Getting Started
Installation
import Pkg; Pkg.add(url="https://github.com/NUFgroup/ImmersedBodies.jl")
Example Problem
First, load the ImmersedBodies package.
using ImmersedBodiesNext, we define the fluid for the problem. The fluid domain is nlevel Cartesian grids that progressively double in scale. The smallest grid is at $-1<x<1, -1.5<y<1.5$. The fluid is specified with a Reynolds number of 200 and a freestream velocity of 1 along $x$. The grid step can be manually set by adding an h keyword argument to fluid_grid.
fluid = Fluid(
grid = fluid_grid(xlims = (-1.0, 2.0), ylims = (-1.5, 1.5), nlevel = 5),
Re = 200.0,
freestream_vel = t -> (1.0, 0.0),
)Next, we define the bodies. In this case, 2 cylinders with the same radius at different heights. Each body is a StaticBody, meaning the body is stationary in the fluid grid. Each body is given a Panels argument that specifies the points on the body. You can manually specify points to use, or use the ImmersedBodies.Curves module to automatically discretize a curve that will work with the fluid grid.
bodies = Bodies(
cyl1=StaticBody(
Panels(fluid.grid, Curves.Circle(r=0.5, center=(0.0, -0.75)))
),
cyl2=StaticBody(
Panels(fluid.grid, Curves.Circle(r=0.5, center=(0.0, +0.75)))
),
)Next, the time-stepping scheme. Here we automatically compute the time step to hit a target cfl number based on a given maximum fluid velocity Umax.
scheme = default_scheme(fluid.grid; Umax=2.0, cfl=0.2)Finally, we combine the fluid, bodies, and scheme into the problem.

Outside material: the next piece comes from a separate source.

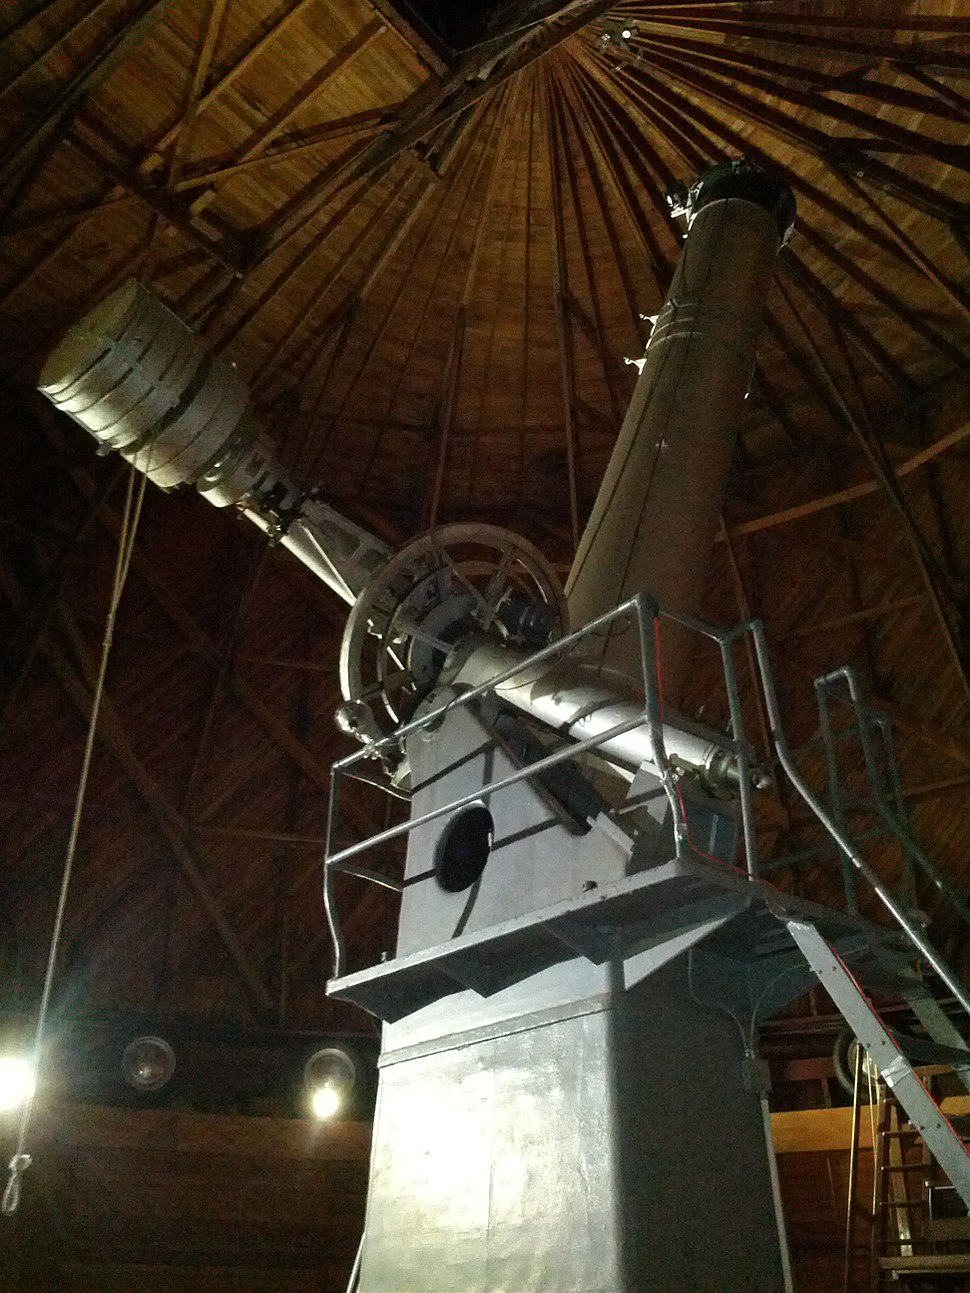 Lowell Observatory - Clark telescope

prob = Problem(; fluid, bodies, scheme)We now solve the problem from time 0 to t and specify values to save to an HDF5 file. There are interfaces to the HDF5 file format for many programming languages, so you can analyze the data in whichever language you prefer.
solve(
prob,
t=15.0,
save=SaveHDF5(
"soln.h5",
"problem" => prob,
"fluid" => fluid_group(
prob,
TimestepRange(; step=200),
(x_velocity!, y_velocity!, vorticity!)
),
"bodies" => body_group(
prob,
TimestepRange(; step=10),
(boundary_force!,)
),
"totals" => body_group(
prob,
TimestepRange(; step=1),
(boundary_total_force!,)
),
),
)Here is an example script for plotting the results in Julia with Makie.
using HDF5
using GLMakie
file = h5open("soln.h5")
# Load the positions of the two cylinders
bodypos = NamedTuple(
name => read(file["problem/bodies/$name/positions"]) for name in (:cyl1, :cyl2)
)
# Reference the vorticity dataset in the file. This doesn't load the data into memory until
# we index it.
vorticity_dset = file["fluid/vorticity"]
# The coords attribute stores the coordinates that correspond to the vorticity array. The
# fields are `start`, `length`, and `step` to work directly with the `range` function.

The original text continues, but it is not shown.